В зале темно, но я вижу их лица, как будто в отсветах пламени. Здесь одни старухи: скрюченные спины, трясущиеся руки. Престарелые балерины, всю жизнь проведшие на задворках сцены – в десятом ряду кордебалета, – теперь они получили то, что заслужили. Искусство не забыло тех, кто усердно служил ему. Сегодня оно призвало их всех вновь, чтобы исполнить мечту каждой.
Они и не дышат вовсе. Не слышно ни кашля, ни вздохов, ни возни. Только музыка. И я не дышу тоже. Я поднимаюсь на пуанты, взмах ногой, поворот… Я готова взлететь! Там на сцене – это я. Вдох – сиссон, выдох – арабеск. И тут же – без даже мимолётной статики – со де баск, ведь я неуловима, я – дух воздуха. Мои руки мягкие, тающие… Кисть следует за дыханием, мимолётным дуновением ветра. Снова вдох. Невесомые, шепчущие переборы ног в па-де-бурре… Но невесомость обманчива: мои мышцы напряжены, по спине струится пот. Ещё пируэт… Мой танец! Мой дебют! Выдох. Я взмываю над сценой в па баллоне и на мгновение замираю над паркетом, а едва коснувшись пуантами пола, взмываю вновь.

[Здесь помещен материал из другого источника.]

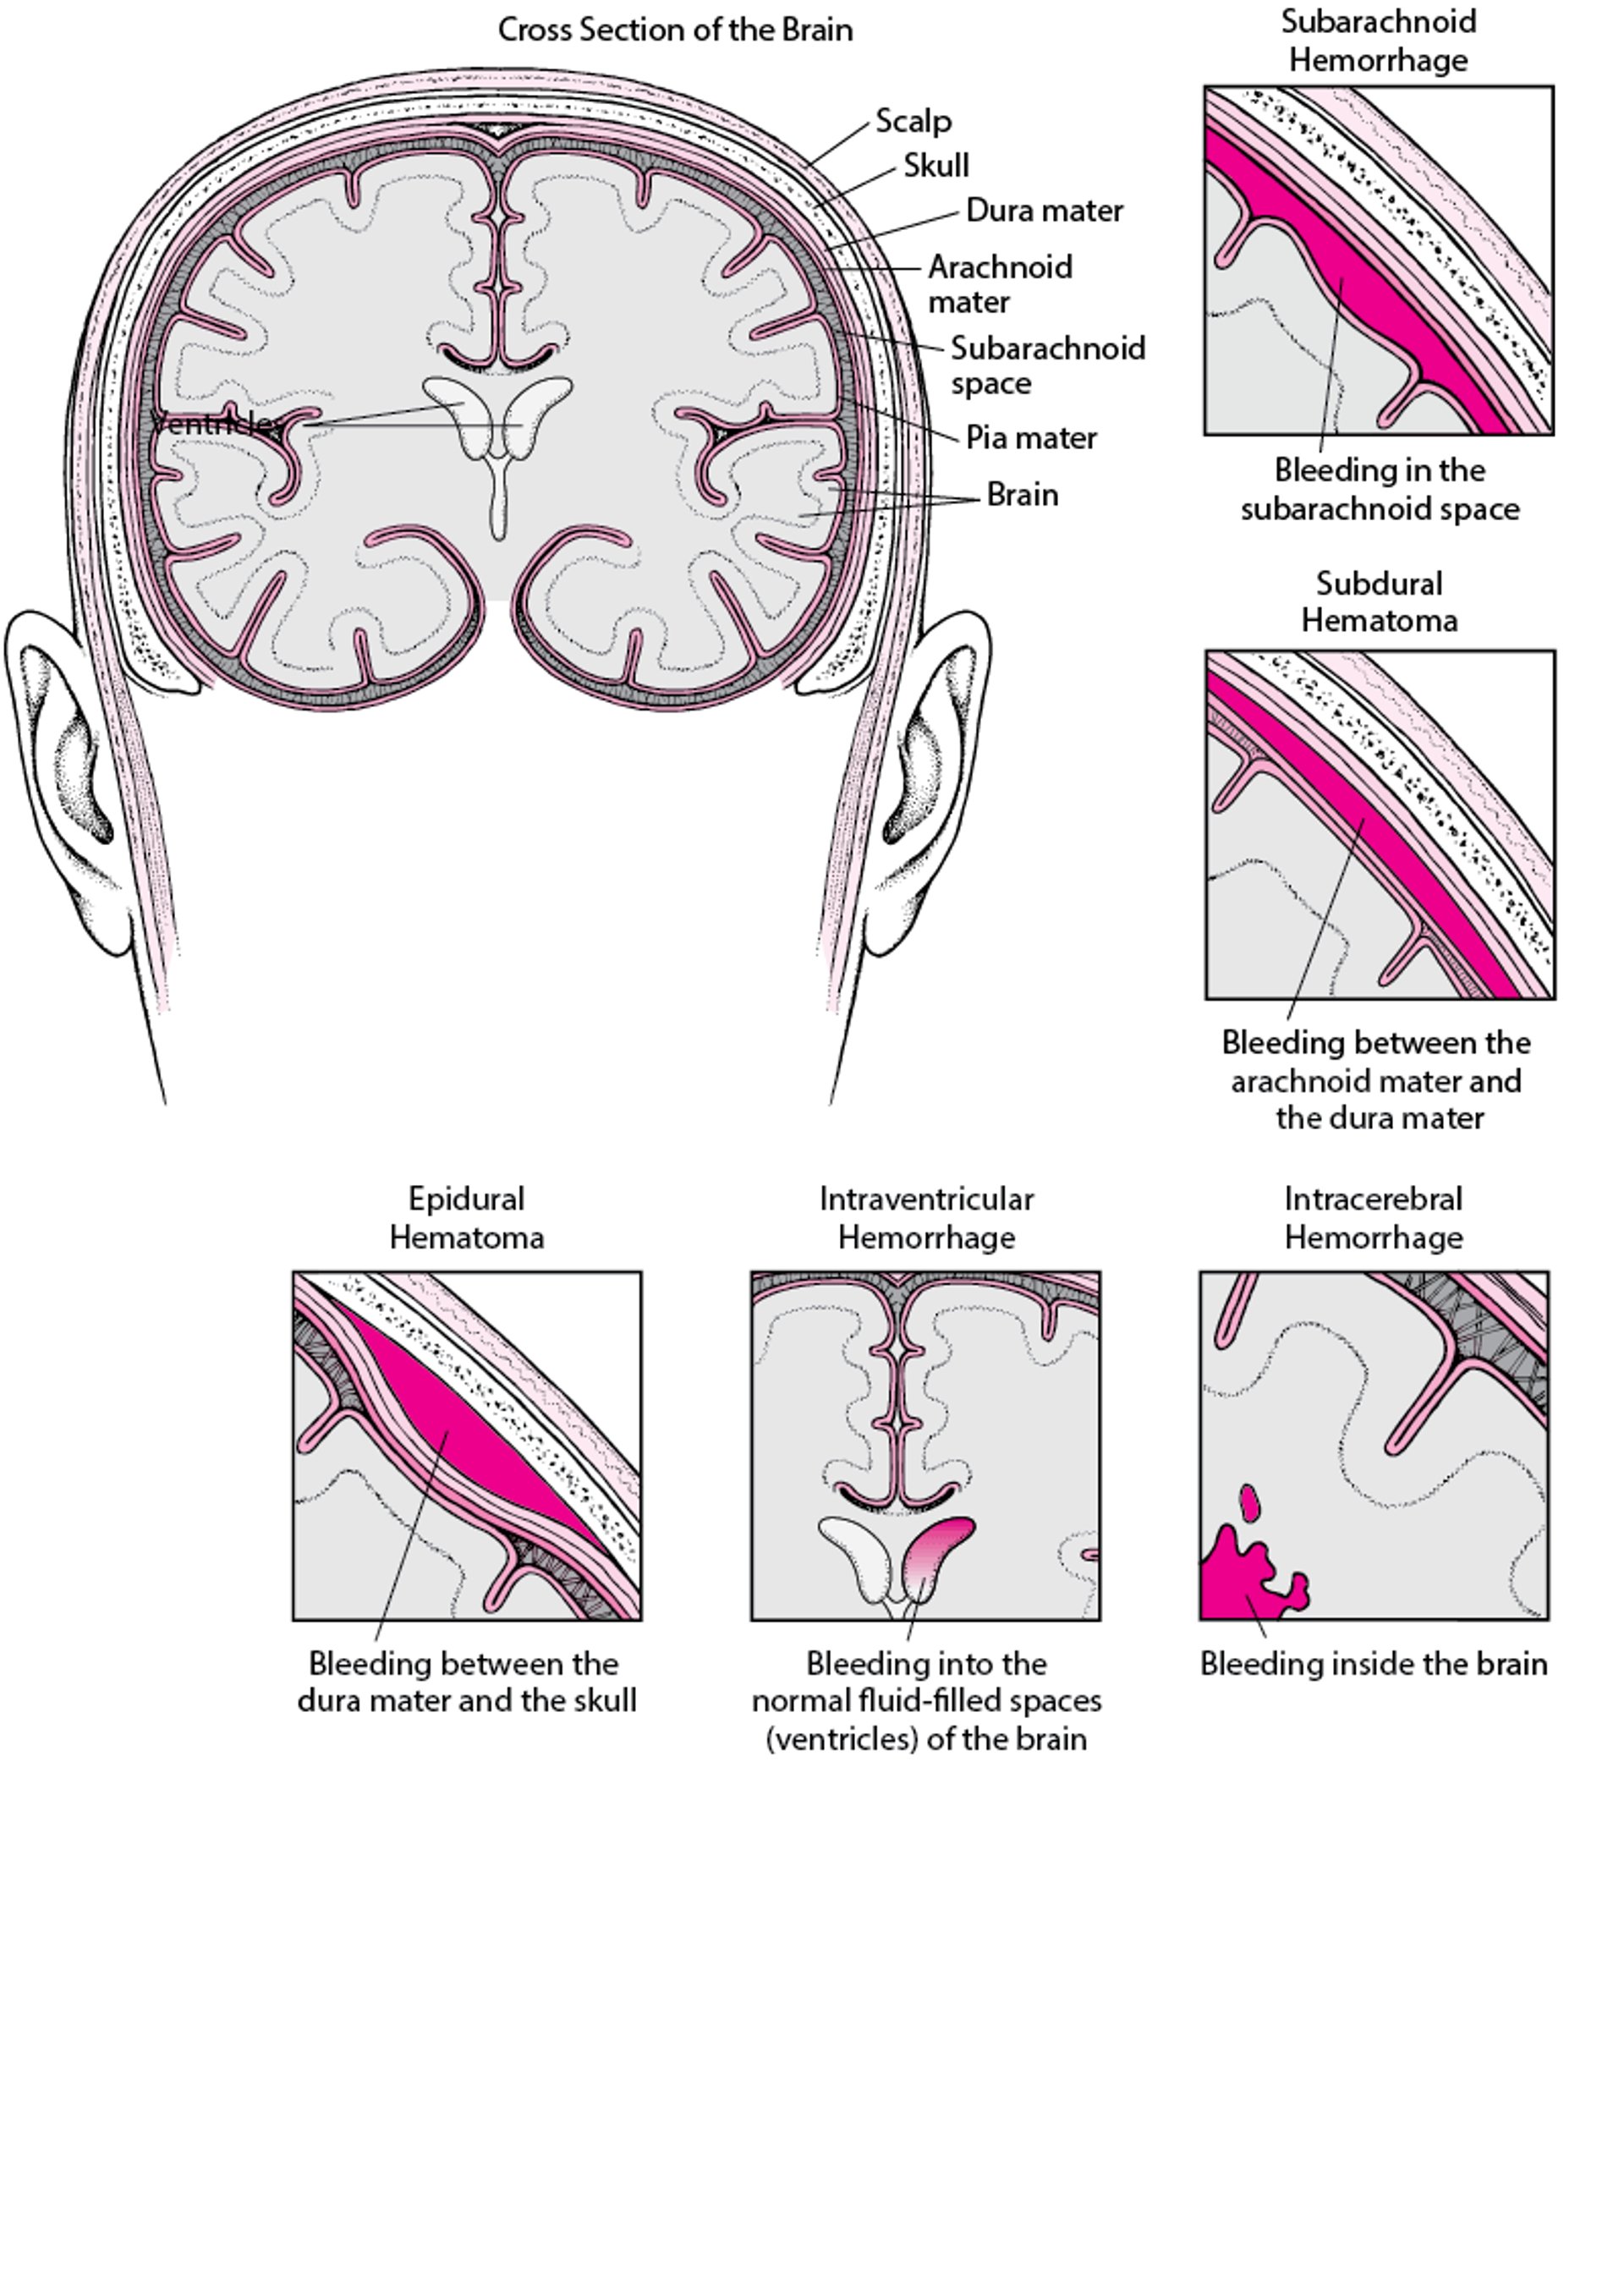 Hemorragia en el interior del cerebro y a su alrededor

Я танцую. И музыка следует за моими шагами. Оркестр обрамляет бриллианты моих движений, чтобы они засияли ярче. И они сияют так, что у меня болят глаза. Свет рампы не нужен сегодня. Я свечусь. Я сверкаю. Я горю.

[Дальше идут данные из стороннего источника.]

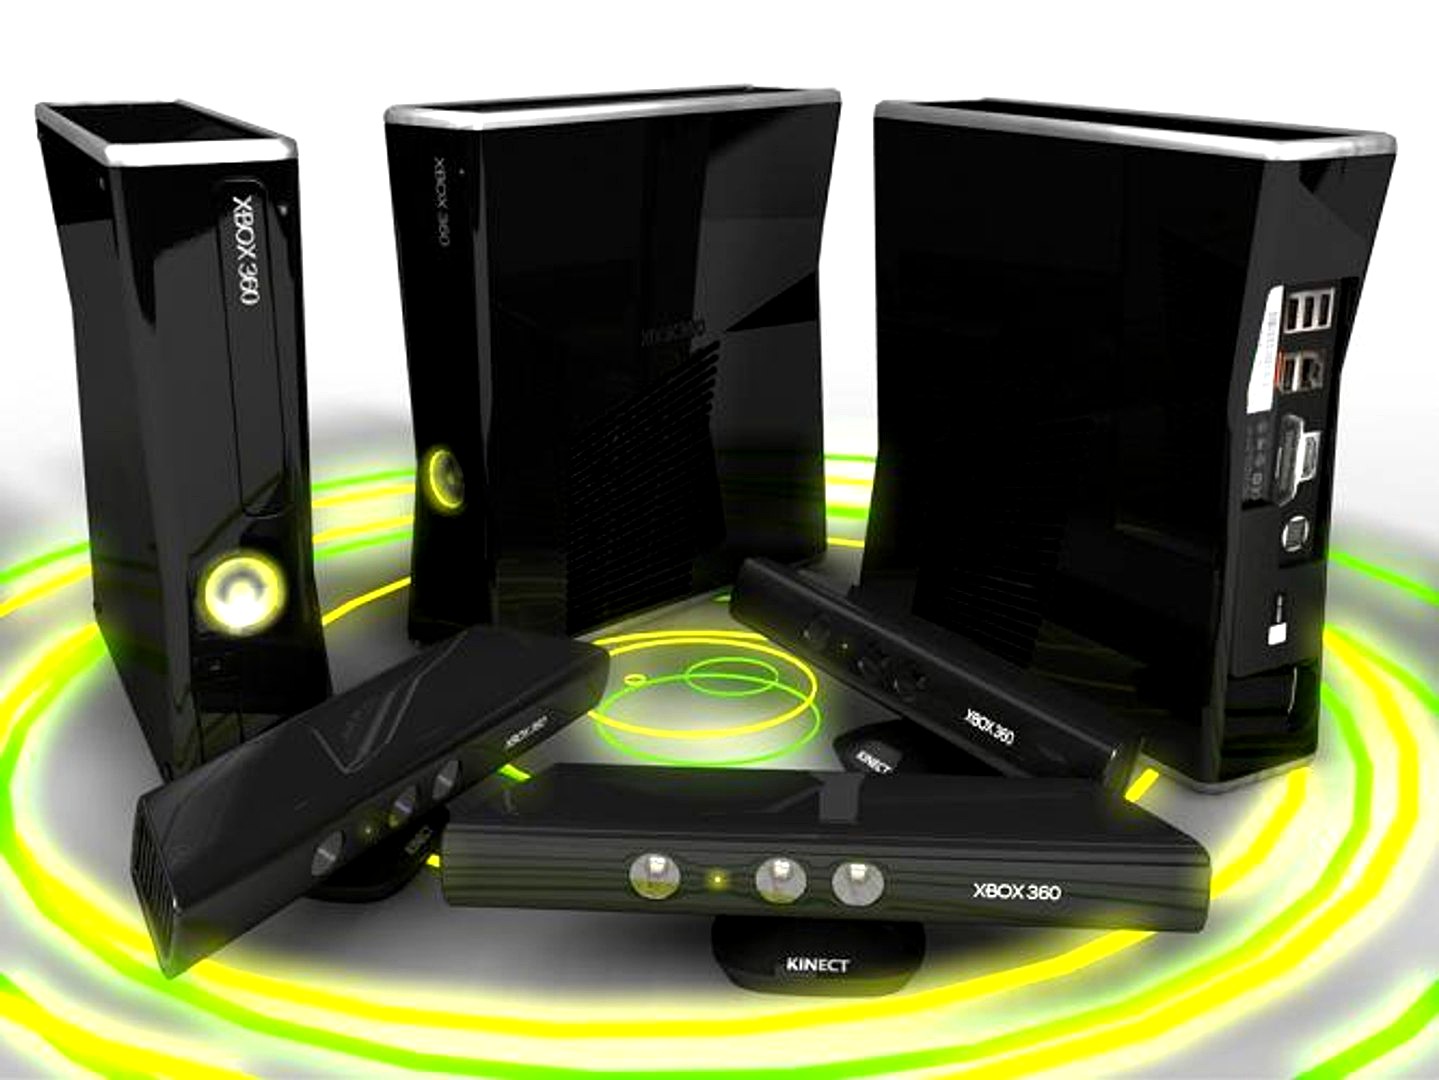 Xbox 360 S with Kinect Sensor

У меня горит всё тело. Боже, как больно!
Я сую руки под платье и начинаю неистово чесаться, едва не раздирая кожу. Как же больно! Видение рассеивается – я снова в осветительной ложе. А на сцене Лера. Она танцует, как будто ничего не чувствует. Не выдаёт ни вздохом, в каком аду пылает её разгорячённое тело. Но я… я сгораю от боли! И зал… Что же это?!
Зал похож на разграбленный пчелиный улей. Все чешутся. Возятся. Ёрзают на стульях. Вскакивают с мест. Стонут, хрипят, скрежещут зубами. Я вижу их перекошенные лица, их остервенелые глаза. Как же больно! Я мечусь в ложе, как в клетке. Я готова содрать собственную кожу! Я не владею руками, разрываю платье, царапаю грудь до крови. А Лера танцует.
Она чувствует то же и танцует. И я уже знаю, что будет дальше.
«…Ты Жертвой выбрана! Тебе дано чувствовать и видеть больше моего, больше всех. Тебе только и открыт призрачный мир того, кому мы служим, его замысел!»
До того, как Лера, красная от волнения, усталости и боли, замрёт в эффектном арабеске, осталась пара минут. Когда это случится, наступит мгновение абсолютной тишины. Оно разделяет танец Воплощения и овации. Но сегодня всё будет по-другому.
Они растерзают её.
Толпа, обезумевшая от невыносимой боли. Я вижу, как сжимаются их кулаки, как натягиваются на шеях жилы. Зал ходит ходуном. Они сожрут её. Они её разорвут.
Я бросаюсь к двери и выскакиваю из ложи. Бегу прочь. Вереницей кулуарных коридоров – к сцене. Я нужна ей, я должна быть там! Не она, а я должна танцевать в то мгновение, когда толпа сорвётся с мест. Полминуты до конца. Я бегу, забыв об огнём полыхающей коже и разорванном платье. Я должна успеть. Я ещё не погубила её. Ещё есть время. Я могу её спасти!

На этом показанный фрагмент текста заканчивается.